Posted by: msyoung | Oct 4, 2011 12:16:00 PM

If Ms. Knox's accusation and trial had been held in the U.S., she would be toast. If the appellate attorney attached an affidavit to his brief stating that an expert had found that the DNA evidence was contaminated and therefore, not reliable - the court would have most likely stated that this was not enough evidence to overturn a jury verdict. I know a case where the appellate attorney brought affidavits from 12 witnesses who said they lied about a person's drug dealing, most of them had never seen the young man in their lives until the prosecutor brought his picture and told them what to say, that they were threatened with life sentences if they didn't testify, and promised leniency if they did, and the panel said, "there is no proof that the government was aware of the perjury, therefore, there is no error." It's an eighth circuit case, I believe its USA v.

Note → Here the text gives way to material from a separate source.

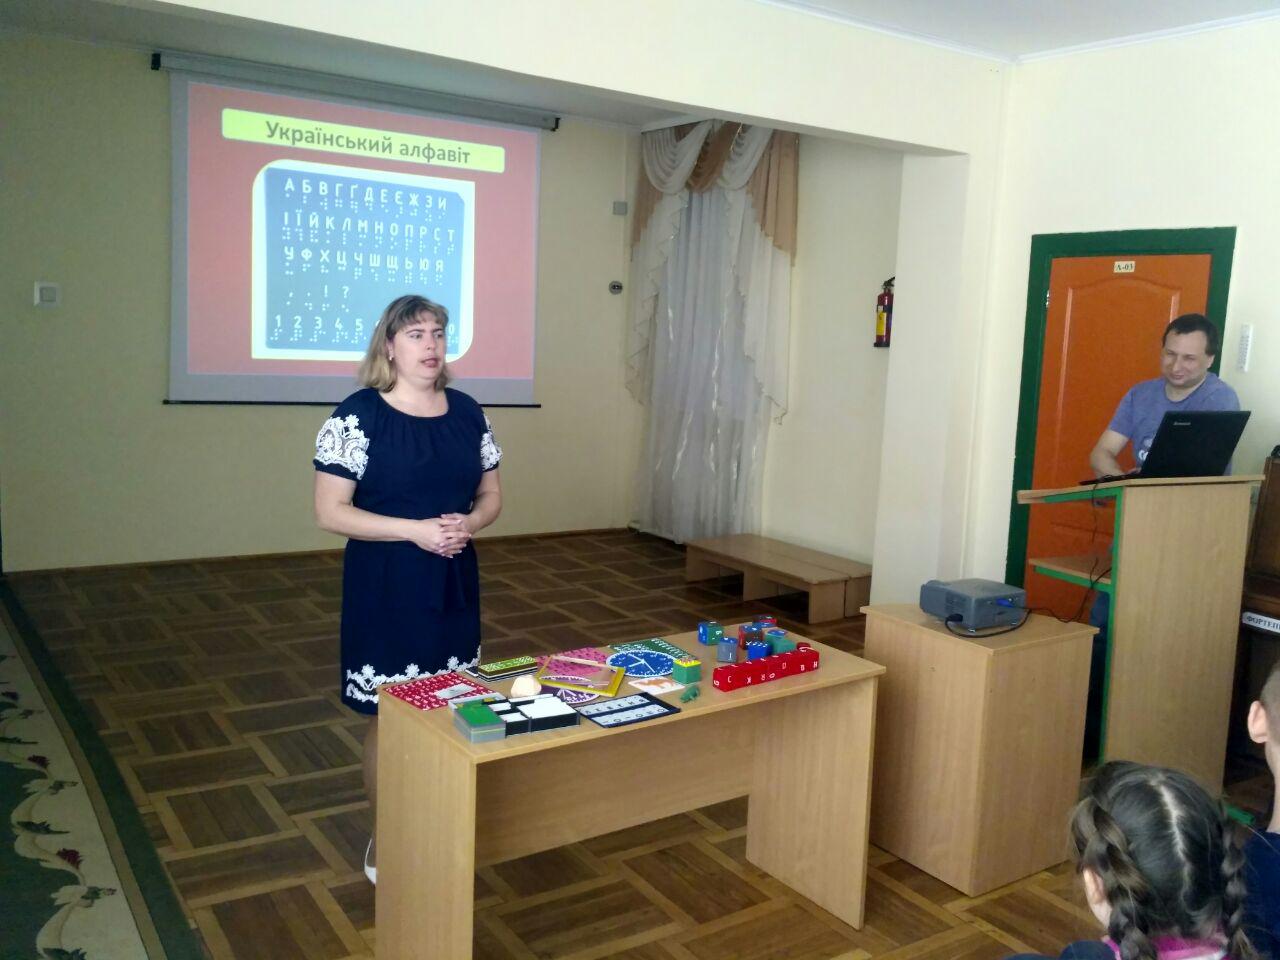 Розпочато проект «3D-друк на допомогу незрячим та слабозорим» за фінансової підтримки Rotary Club Rivne Ukraine та Rotary Club Alliston Canada

Wadlington, in around 2004, or 2005.
Actually, read ohwilleke's post above, he certainly clarifies the differences in the systems better than I can.

Posted by: msyoung | Oct 4, 2011 12:32:24 PM

E intanto che Foxy Knoxy torna a casa ...

DA evidence should exonerate 7 men convicted in '90s, top lawyers say
Group of influential attorneys urges the cases be overturned
Chicago Tribune September 30, 2011

Posted by: Dott. claudio giusti, italia | Oct 5, 2011 2:03:31 PM

msyoung ~

You will have a hard time getting Bill Otis to admit he is wrong. I think Bill Otis believes that the accused has no right to a fair trial.

Charge 'em and hang 'em, Right Bill?